Louis van Gaal is waiting in the wings as Daniel Levy runs the rule over Sherwood’s reign, while a striker & left-back are required following Andre Villas-Boas’ emotional exit
By Greg Stobart
SHERWOOD STILL ON TRIAL AS VAN GAAL WAITS IN THE WINGS
Eyebrows were raised throughout the football world when Tottenham chairman Daniel Levy opted to hand Tim Sherwood an 18-month contract as new head coach earlier this month.
After all, Sherwood had zero management experience and despite being long identified as the club’s next manager, the opportunity arose earlier than expected following the dismissal of Andre Villas-Boas.
While it may have seemed a risk to hand Sherwood a year-and-a-half deal, the 44-year-old is well and truly on trial until the end of the season as he looks to improve performances and results.
If Spurs can achieve, or come very close to, a top-four finish then the former midfielder and his two assistants – Les Ferdinand and Chris Ramsey – will be given the summer to build the squad and start next season in charge.
Sherwood will be given until the end of the campaign, whatever happens, but Levy and the Tottenham board are well aware that a number of potential replacements will become available in the summer.
Chief among them is Netherlands coach Louis Van Gaal, who did indeed meet with Levy in Holland earlier this month, before Sherwood’s official appointment.
Van Gaal leaves his job in charge of the national team after the World Cup and despite refusing to job share the former Ajax and Barcelona coach is extremely interested in taking over at White Hart Lane.
Likewise, Spurs have received encouragement that current Ajax boss Frank De Boer would be willing to consider offers at the end of the season having refused to leave the Dutch champions mid-season.
Sherwood has garnered seven points from a possible nine in the Premier League so far this term, asking the Londoners to play in a more attacking style and moving to a two-man strikeforce of Emmanuel Adebayor and Roberto Soldado.
It leaves Spurs, who are targeting a top-four finish, in seventh place in the Premier League at the turn of the year with 34 points, three behind fourth-placed Everton.

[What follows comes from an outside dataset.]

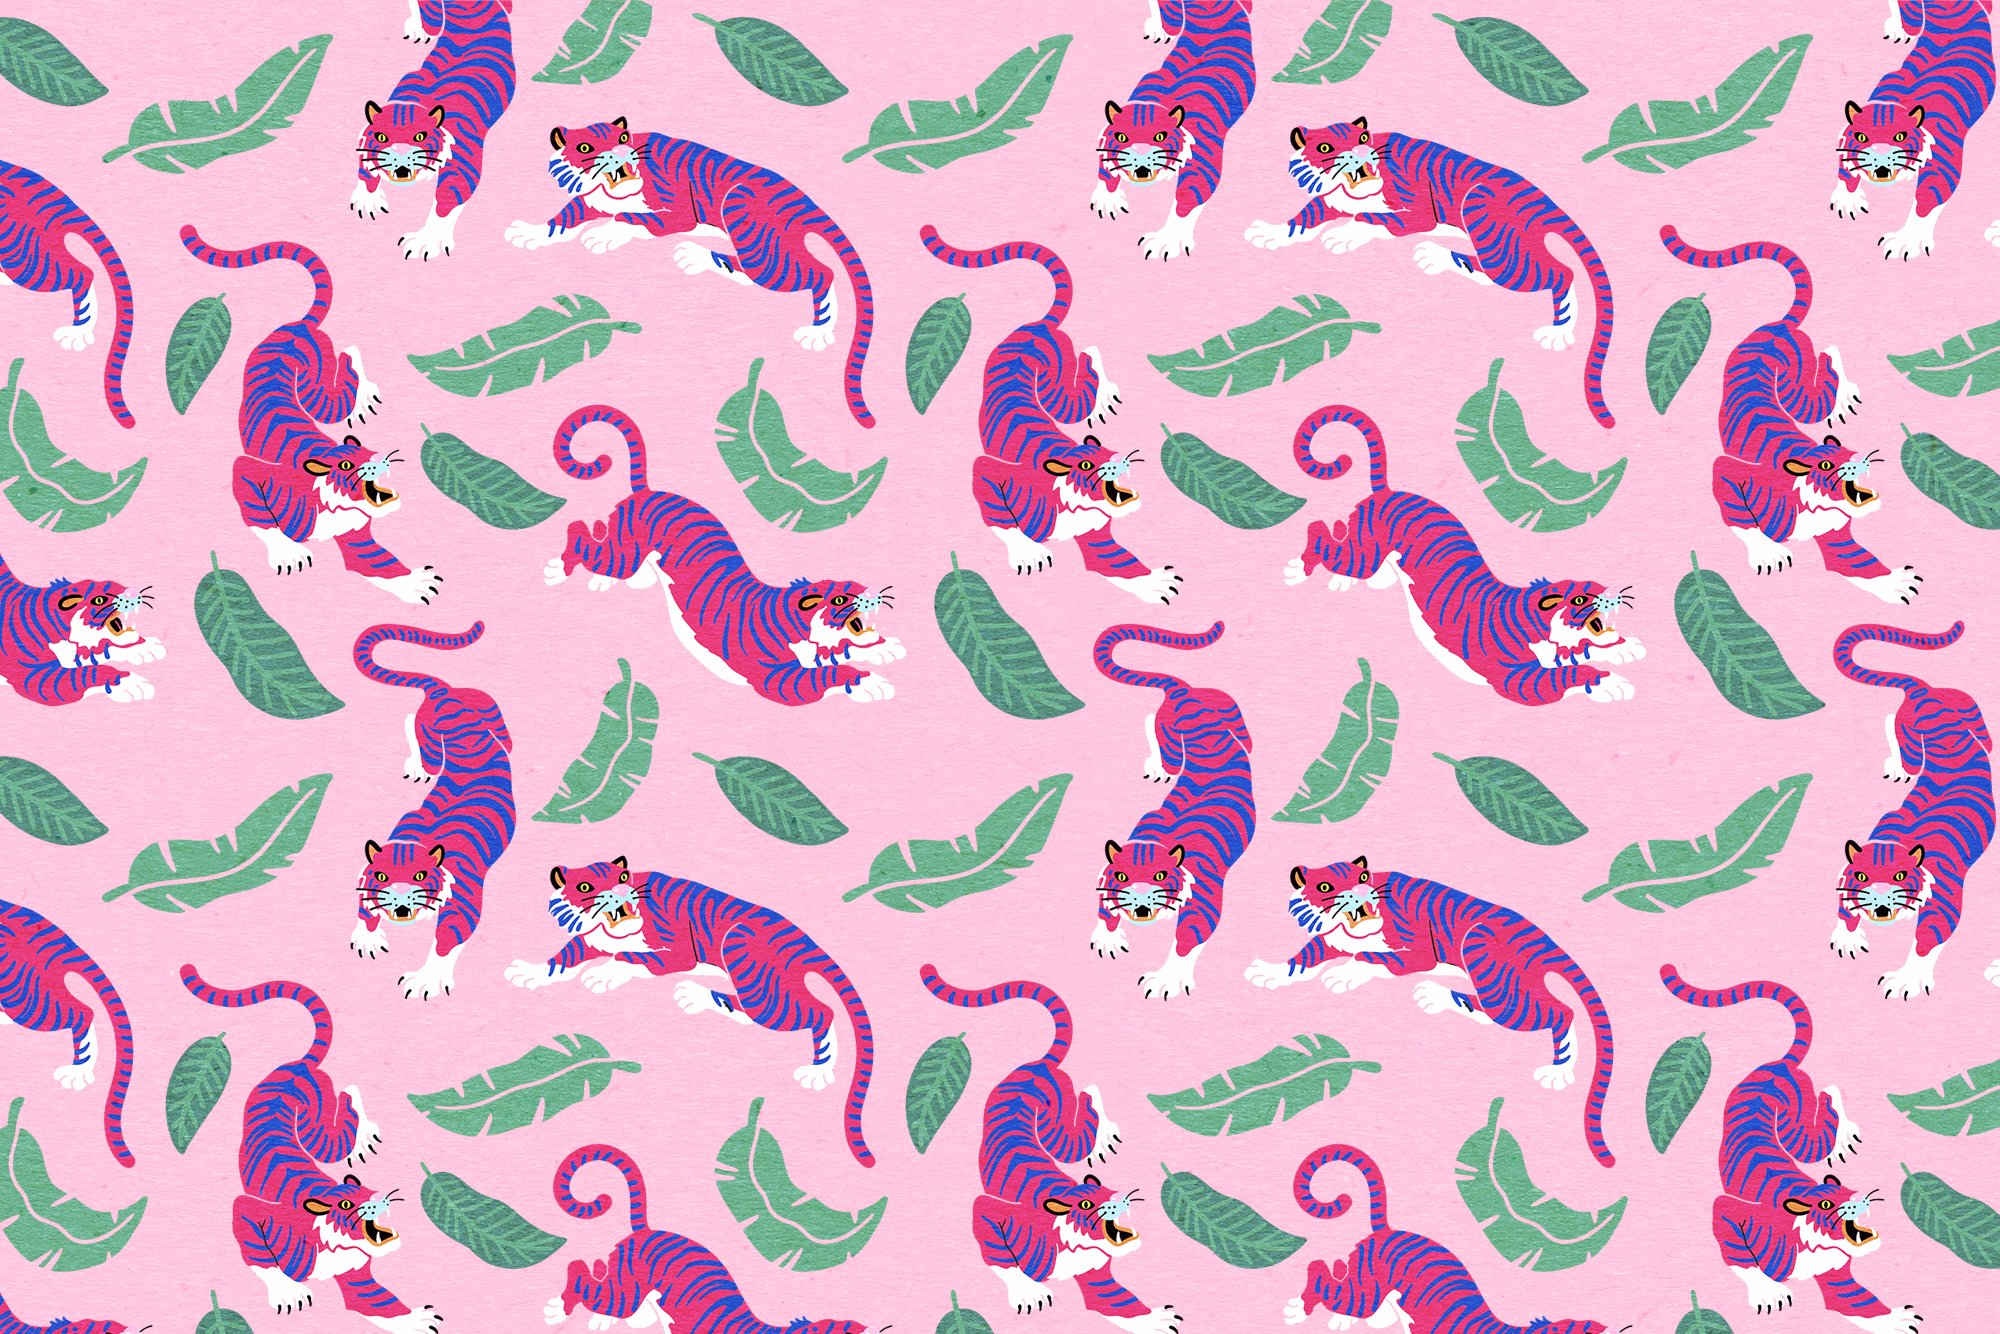  Neon Tigers Clipart and Pattern.

STRIKER AND LEFT-BACK LEAD JANUARY PLANS
Sherwood feels the Tottenham squad is already bloated, especially in midfield, although a severe injury crisis means resources are already being stretched to the limit.
After signing seven internationals in the summer at the cost of more than £100 million, the club have no plans to spend heavily in January, especially given the problems experienced by the new arrivals in adjusting to the Premier League.
Money is available to spend but Tottenham will likely keep their powder dry until the summer, targeting loan and short-term deals to fill gaps in their squad in the second half of the season.
With striker Jermain Defoe set to join MLS side Toronto for the start of their season in March, the priority is a striker to support Adebayor and Soldado, although Sherwood is a fan of youngster Harry Kane.
One shock target could be former Spurs striker Dimitar Berbatov, but relegation-threatened Fulham will resist offers for the Bulgarian striker, who has six months remaining on his contract and almost returned to White Hart Lane at the end of the 2012 summer transfer window.
The other problem position for Tottenham is at left-back, where there is no natural back-up to Danny Rose, although Kyle Naughton and Zeki Fryers have both filled in there this season.
Luke Shaw is a long-term target but Southampton will not sell him in the winter window, while Chelsea also want the 18-year-old to replace Ashley Cole.
Interest in Real Madrid star Fabio Coentrao has all but disappeared along with Villas-Boas, but Tottenham are considering exercising the January recall option in Benoit Assou-Ekotto’s loan deal with QPR.
The Cameroonian was forced out by Andre Villas-Boas but, like Adebayor before him, could be given a fresh chance following the change of management.
There have been suggestions that Villas-Boas was somewhat happy to leave Tottenham, and some have even claimed that the Portuguese coach resigned following the humiliating 5-0 defeat to Liverpool earlier this month.
But that was not the impression Villas-Boas gave after being dismissed by Levy in a meeting at the club’s Enfield training base shortly after 9am on Monday December 16.
In fact, poor old Villas-Boas did not leave until around 4pm that day as he packed his belongings, said his emotional goodbyes and – according to training ground sources – spent hours crying in his office.